Before the words could even get out of his mouth, Leighann's hand glowed black, and the vial she'd been playing with all this time shattered, causing the magadrine powder inside to explode outward. Asher barely managed to slip into the astral fast enough to dodge the suicide attack, and he blinked in confusion as Leighann's body crumpled to the ground, dead in an instant from the blue powder already covering her front.
What in the…
It took him a moment to realize what she'd done, and he gasped when it finally hit him.
She'd taken her own life rather than let him kill her.
She knew about his skill, or least suspected.

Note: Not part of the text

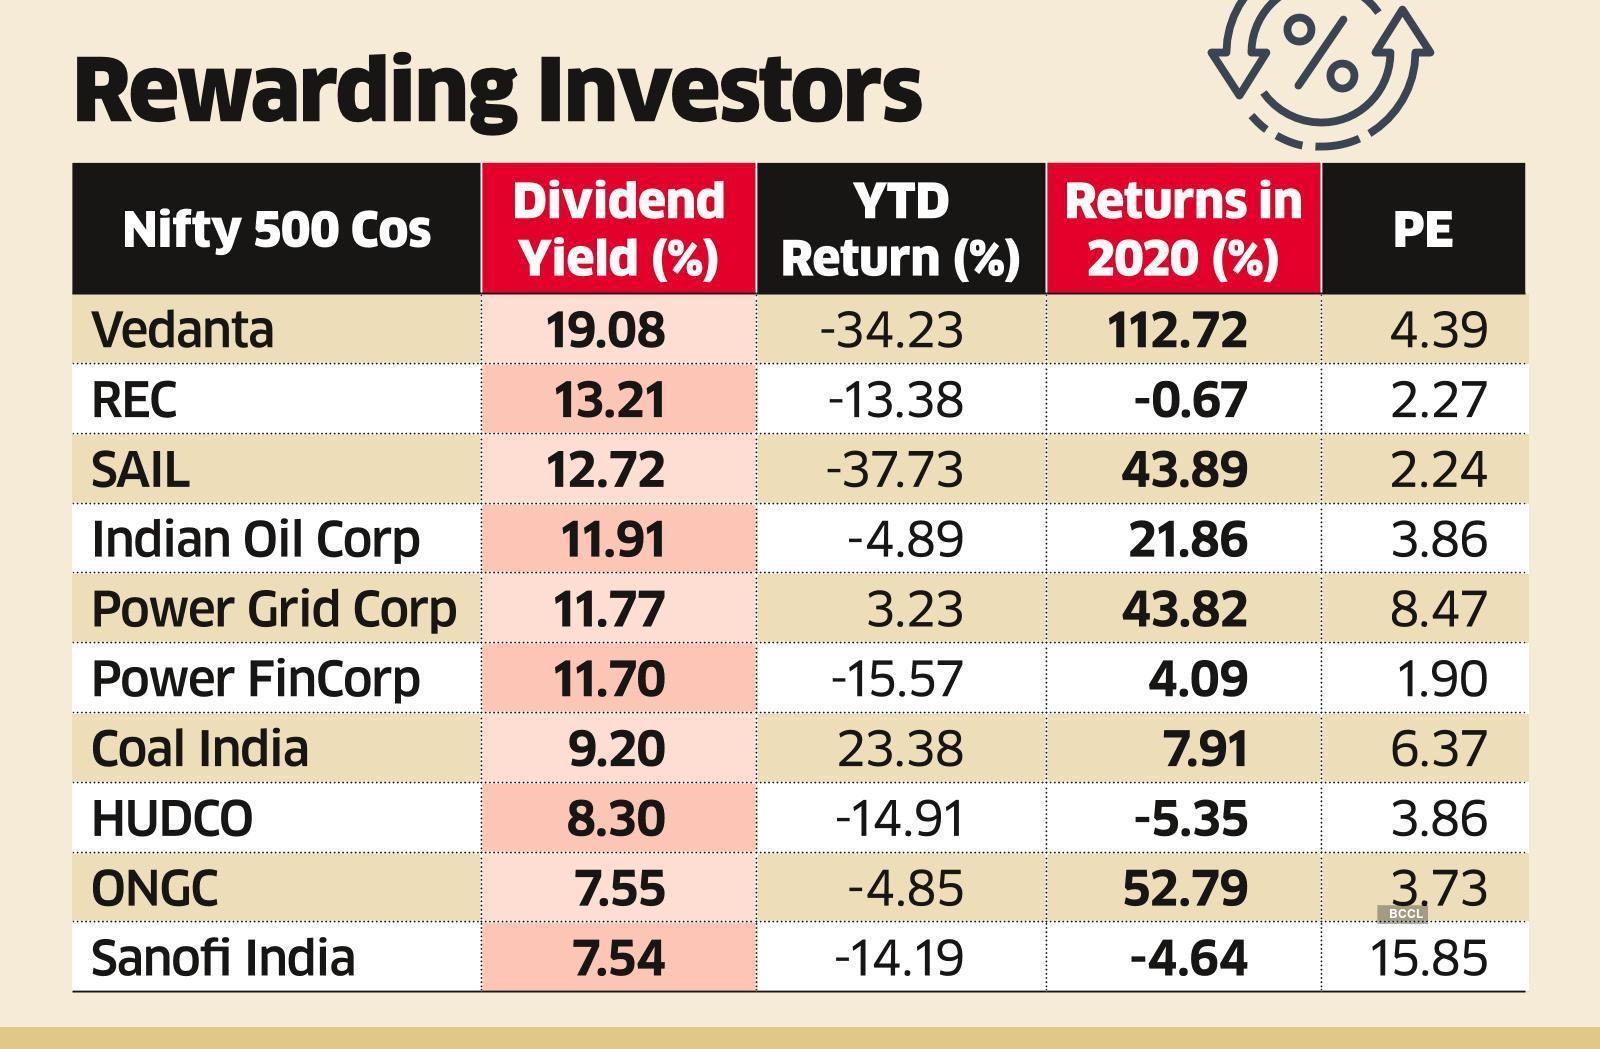 dividend yields: Market outlook uncertain, stocks with high dividend yields seen bet - The Economic Times

By killing herself, her family could resurrect her again, and she could tell them everything he'd told her. She might miss pieces here and there from the after-effects of resurrection, but if she'd truly picked up an evolved resistance to help with that, there was no telling how much she'd remember.
"Damn it!" he hissed, watching the magadrine powder slowly settle on the ground and vanish as though it had never existed. As soon as the glowing blue powder was gone, he returned to the material realm and immediately stabbed her corpse in the heart before cutting off her head. He still hadn't learned exactly what was required for resurrection to take place, and in the off chance a person's body wasn't actually required, it was the only thing he could think of doing in his panic. He doubted his skill would do anything now that she was already dead, but it was still better than nothing.

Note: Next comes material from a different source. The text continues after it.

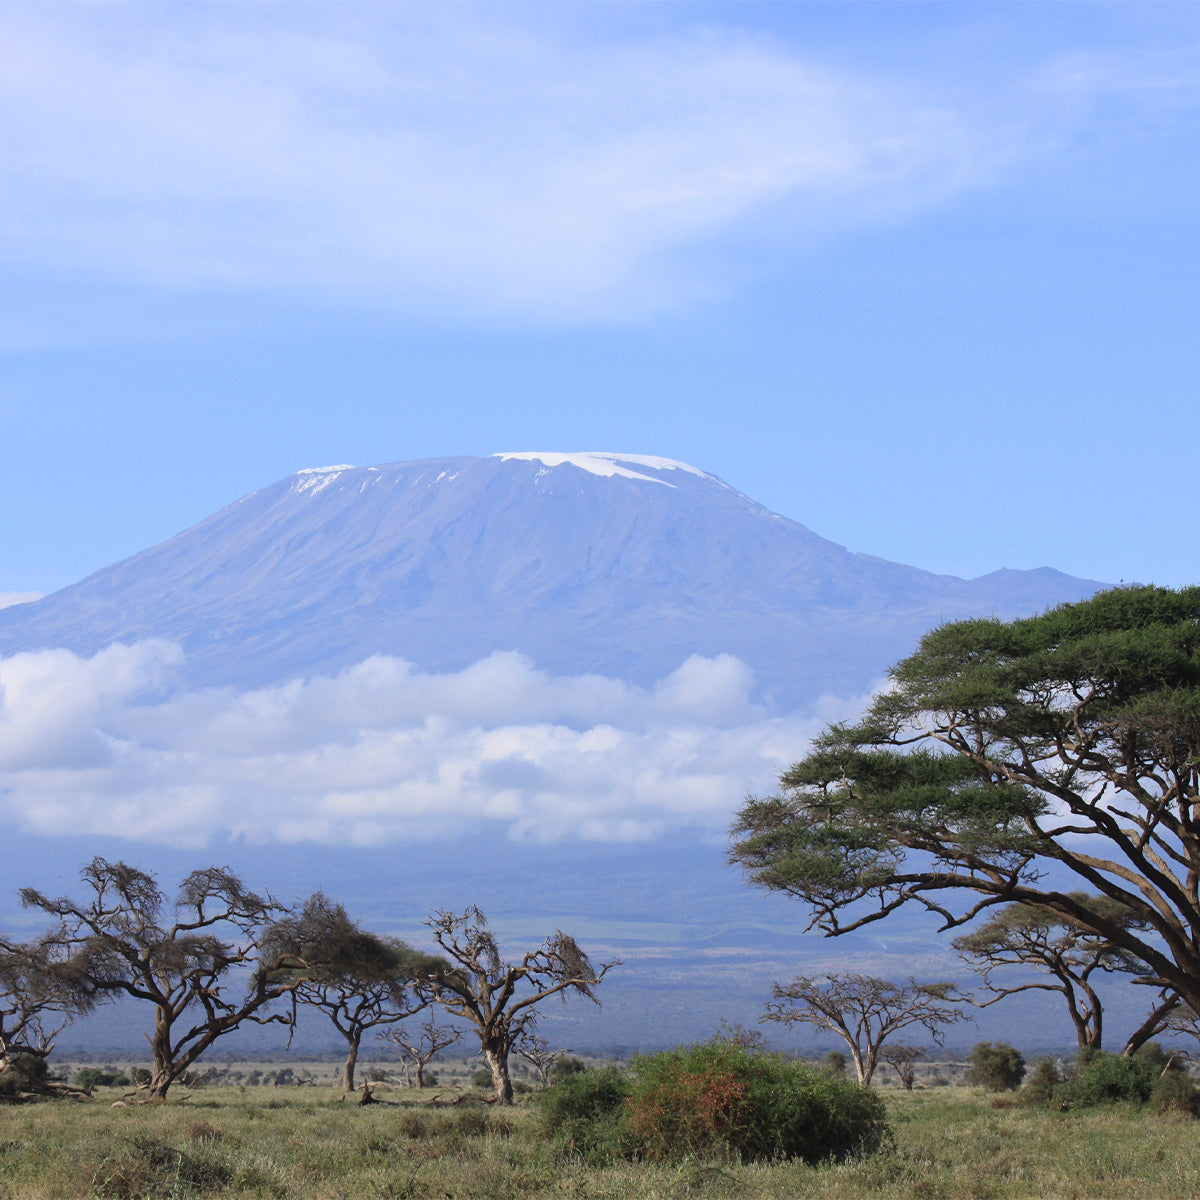 Mount Kilimanjaro with the grass lands in front of the mountain

Shoving her remains into his rift, he briefly looked around for the glowing ball of violet shards, blinking when he couldn't find one. She was obviously dead, which could only mean that she didn't keep a single shard on her.
For anyone else, that would be crazy. But seeing as she'd admitted she sort of had a habit of dying unexpectedly, he supposed that made a lot of sense. Otherwise she'd be constantly losing her shards to shard decay.
While he double checked he wasn't just missing the orb somehow, he heard what sounded like the pounding footsteps of at least a dozen people rapidly approaching from down the hall. Cursing himself one last time for being played, he quickly returned to the astral and made a break for the estate wall.
He'd managed to further narrow down Eight's location, but at what cost?